The listing below holds a line with "woman-fake-bruises-face-makeup-fx" and a line with "توقف قلبه ساعة". Reproduce those two lines exactly, plus everything between them.

_STORED DATA_:
Segment Open
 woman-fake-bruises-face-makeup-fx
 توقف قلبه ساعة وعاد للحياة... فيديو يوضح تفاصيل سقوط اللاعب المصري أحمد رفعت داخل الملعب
Segment Closed
Segment Open
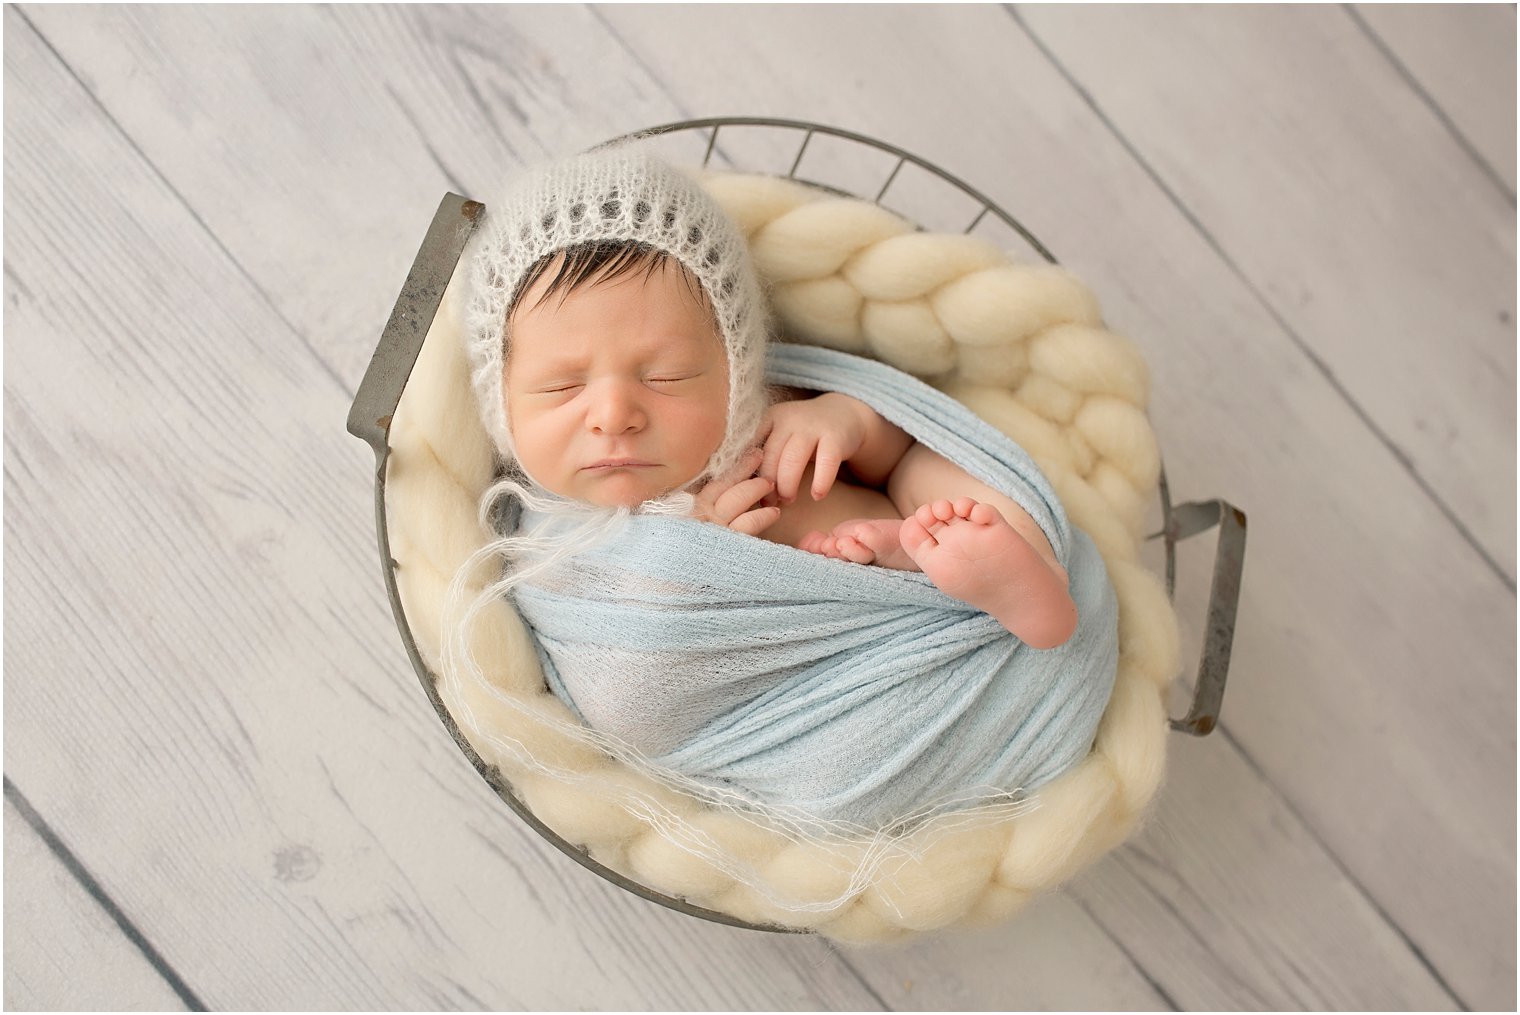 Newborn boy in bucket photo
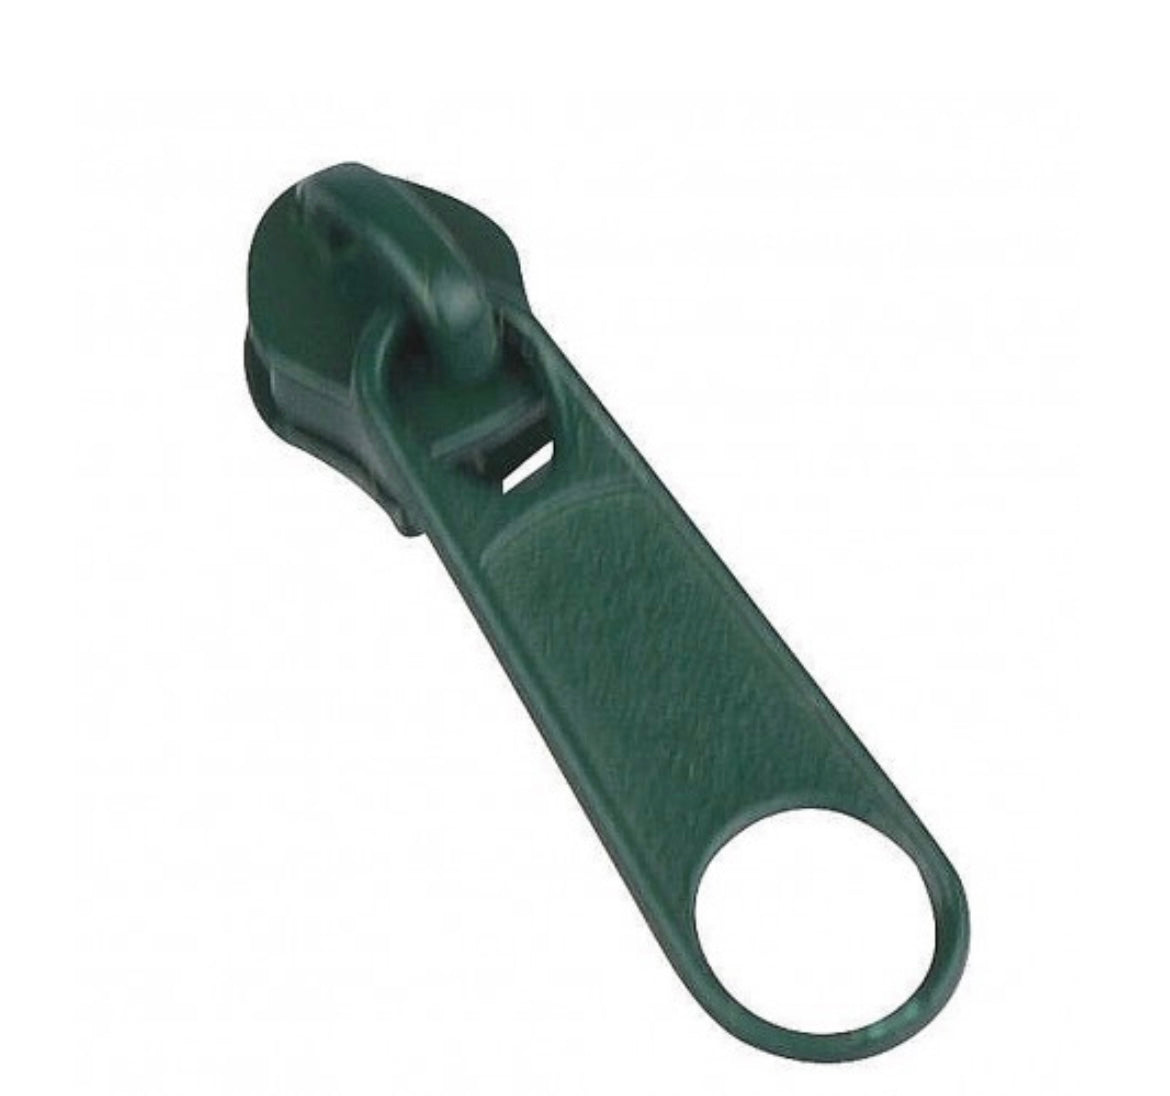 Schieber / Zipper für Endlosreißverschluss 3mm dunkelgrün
Segment Closed
_WRITTEN REPLY_:
 woman-fake-bruises-face-makeup-fx
 توقف قلبه ساعة وعاد للحياة... فيديو يوضح تفاصيل سقوط اللاعب المصري أحمد رفعت داخل الملعب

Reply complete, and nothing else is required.